Four months post-transplant, he developed acute on chronic diarrhoea and associated dehydration. Histopathology from colonoscopy showed features of mild pancolitis without features of cytomegalovirus infection. This was considered to be mycophenolate-related and his dose was reduced to 500 mg twice daily with partial symptomatic improvement. Therapeutic drug monitoring with mycophenolic acid area under the curve (MPA AUC0-12 h) was measured and reported as 104 (target range 30–60) mg.h/L and further dose reduction to 500 mg mane 250 mg nocte resulted in resolution of symptoms.

Graft function has remained stable at three and a half years with a serum creatinine between 1.0 and 1.2 mg/dL and no proteinuria. Twelve-month protocol biopsy showed no features of rejection or fibrosis. His severe left ventricular hypertrophy remained unchanged on transthoracic echocardiogram 5, 21 and 40 months post-transplant, consistent with his mitochondrial disease.

The patient’s weight increased to 88 pounds and he can now independently feed and toilet himself and stand for longer periods. His dysphagia and dysarthria were however unchanged. The patient continues to live in the community with improved quality of life and freedom from dialysis and he has recently returned to Australia following a vacation to China.

Experience and literature regarding patients with mitochondrial disorders receiving a kidney transplant is limited. One case report described a 57-year-old man who developed ESRD at age 48, and MELAS was not diagnosed until 5 years post-transplant after a 40-year course of multisystem illness [17]. Non-English publications have reported successful living donor kidney transplant [18] and simultaneous pancreas and kidney transplant [19] in patients with mitochondrial disorders. Although a recent case series reported 12 patients with mitochondrial disorders undergoing kidney transplantation [6], to our knowledge, this is the first report of a patient with LS receiving a successful deceased donor kidney transplant.

Considerations regarding the risk and benefit of kidney transplantation compared with the poor survival and morbidity of ongoing hemodialysis were complex in this patient. National guidelines in Australia and New Zealand recommend that candidates for the deceased donor waiting list should have low perioperative mortality risk and greater than 80% 5-year post-transplant survival due to the scarcity of deceased donor organs and need to optimise resources by minimising the risk of premature patient death with a functioning transplant [20]. Similar guidelines also exist internationally [21]. However, transplantation improves quality of life and long-term survival compared with maintenance dialysis [22]. No living donor candidates were available, which would have reduced perioperative risk compared with a deceased donor kidney transplant [23] and avoided the risk of suboptimal utility of deceased donor organs in a patient with an uncertain prognosis.

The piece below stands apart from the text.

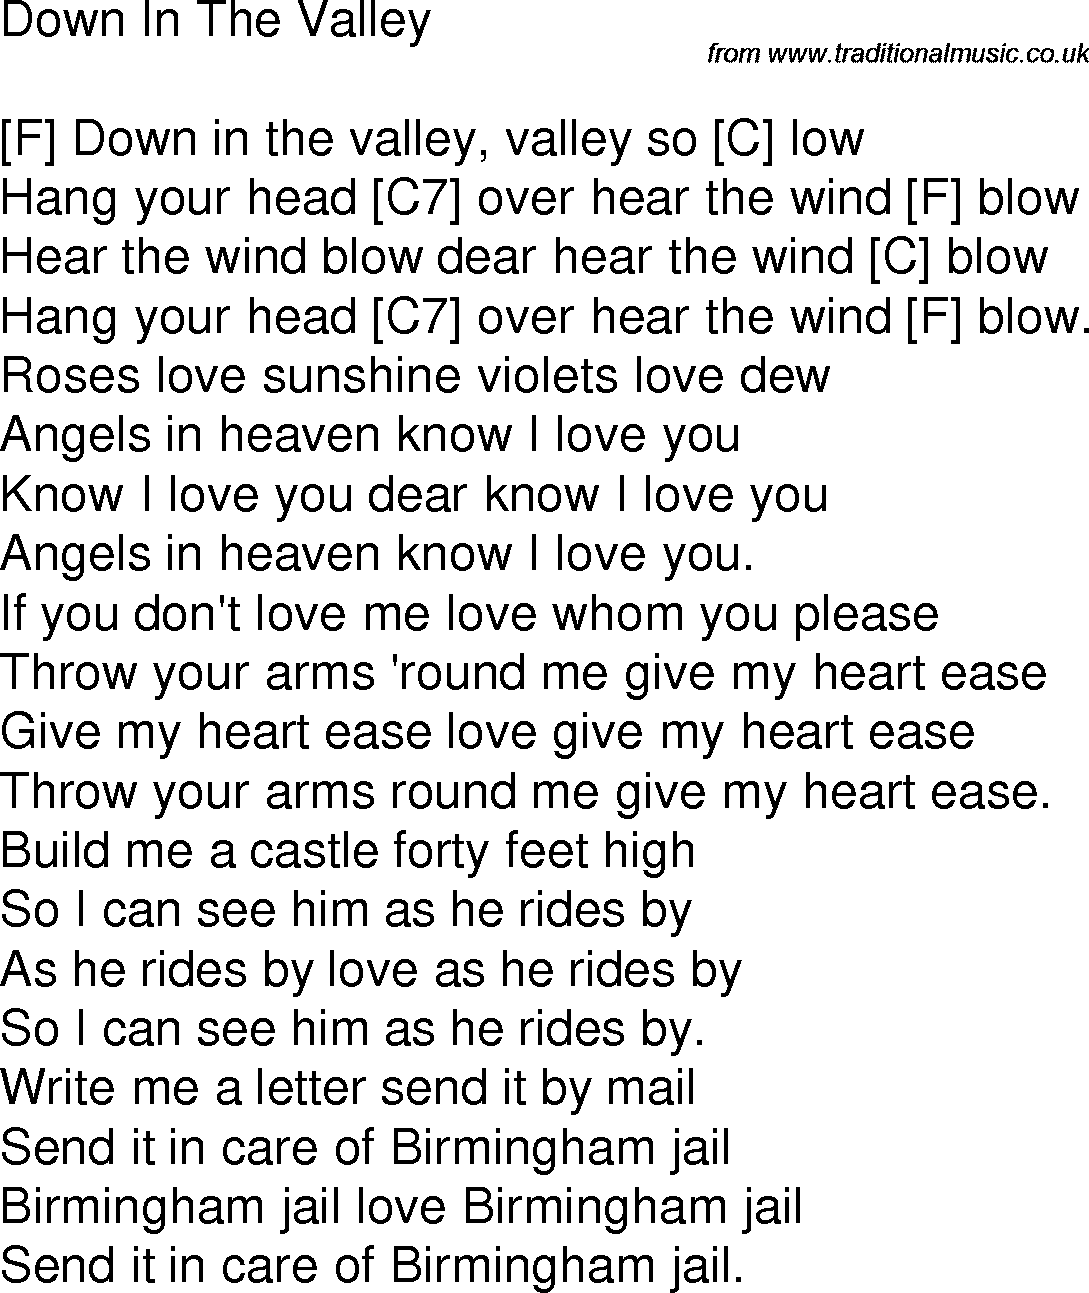 Old time song lyrics with chords for Down In The Valley F

The patient experienced a modest improvement in physical function and independence three and a half years post-transplant. The effect of uremia on mitochrondrial function is unknown. Given the usually progressive nature of LS, restoration of kidney function and freedom from hemodialysis may have contributed to this unexpected improvement.

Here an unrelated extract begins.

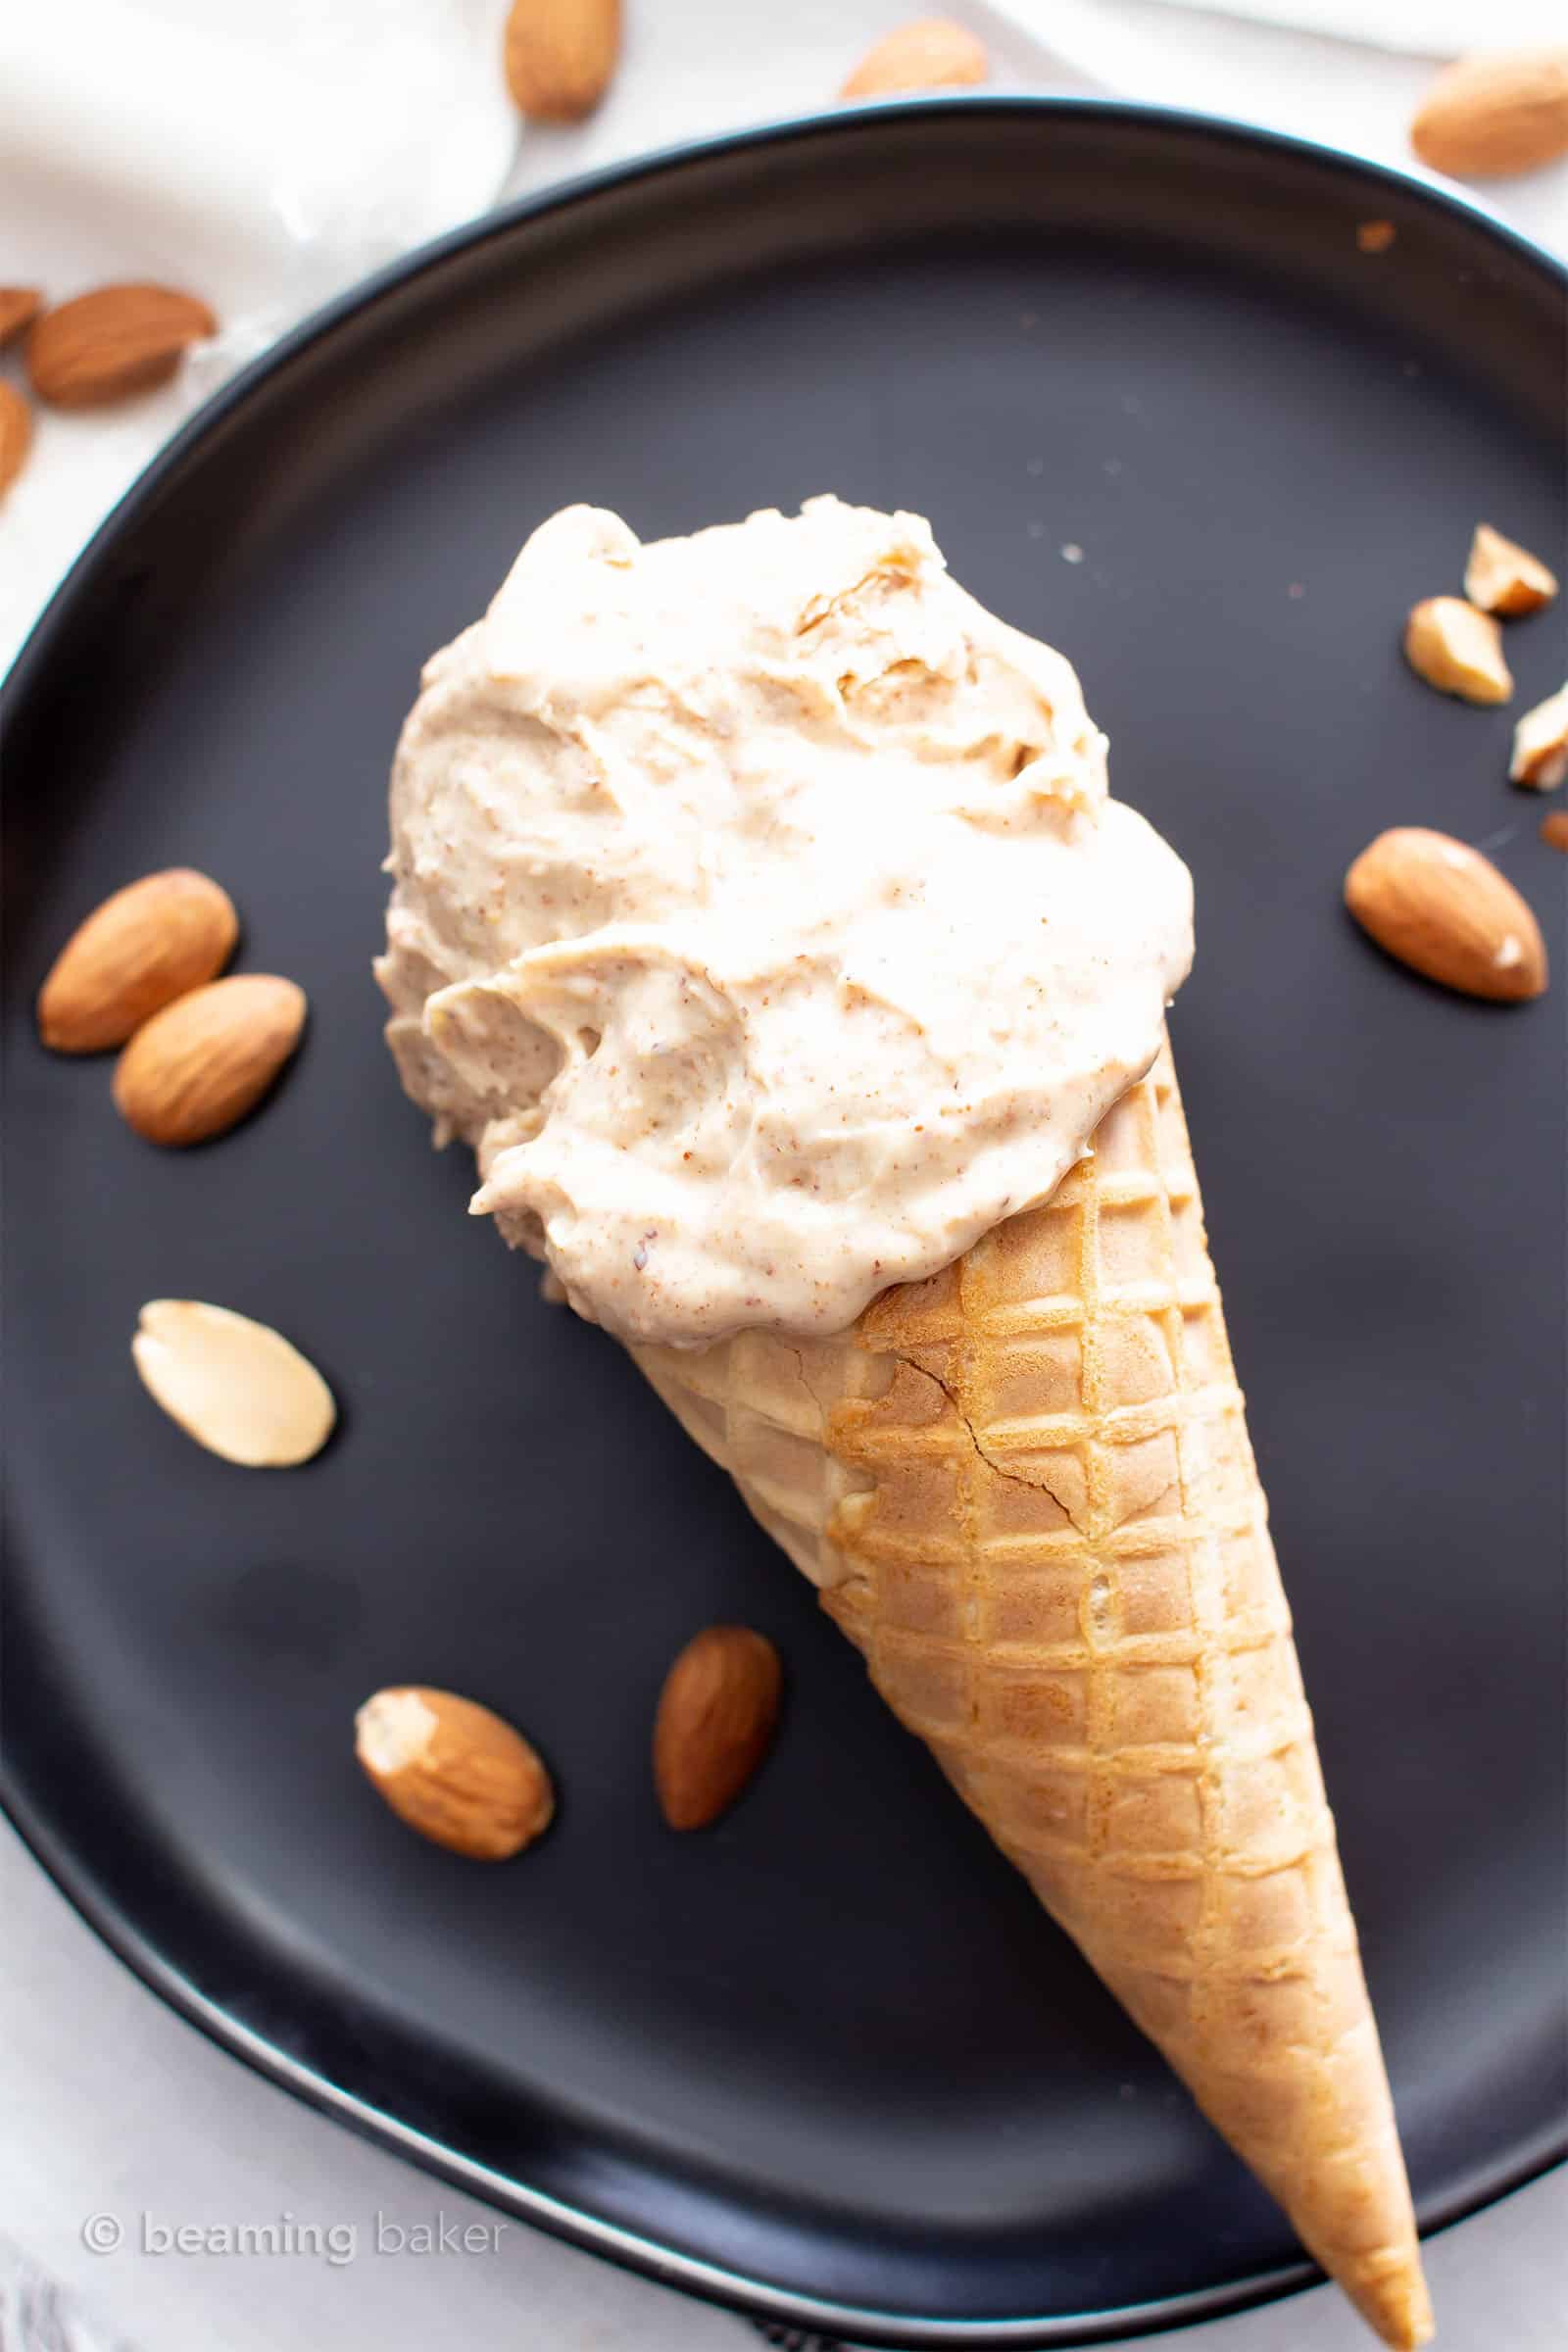 4 Ingredient Almond Butter Paleo Ice Cream: just 5 mins of prep & 4 ingredients for the creamiest almond butter paleo ice cream! No Churn, Vegan, Keto, Dairy Free. #Paleo #AlmondButter #IceCream | Recipe at BeamingBaker.com 

LS is a rare neurodegenerative disease that typically presents in childhood and is usually progressive and lethal by early adulthood. However, age of onset, neurological severity and prognosis can vary, as evidenced by our case. There is limited literature regarding patients with LS, ESRD and kidney transplantation. This case highlights the importance of careful pre-transplant perioperative risk assessment and post-transplant management to achieve an excellent outcome, and these patients should be considered for kidney transplantation.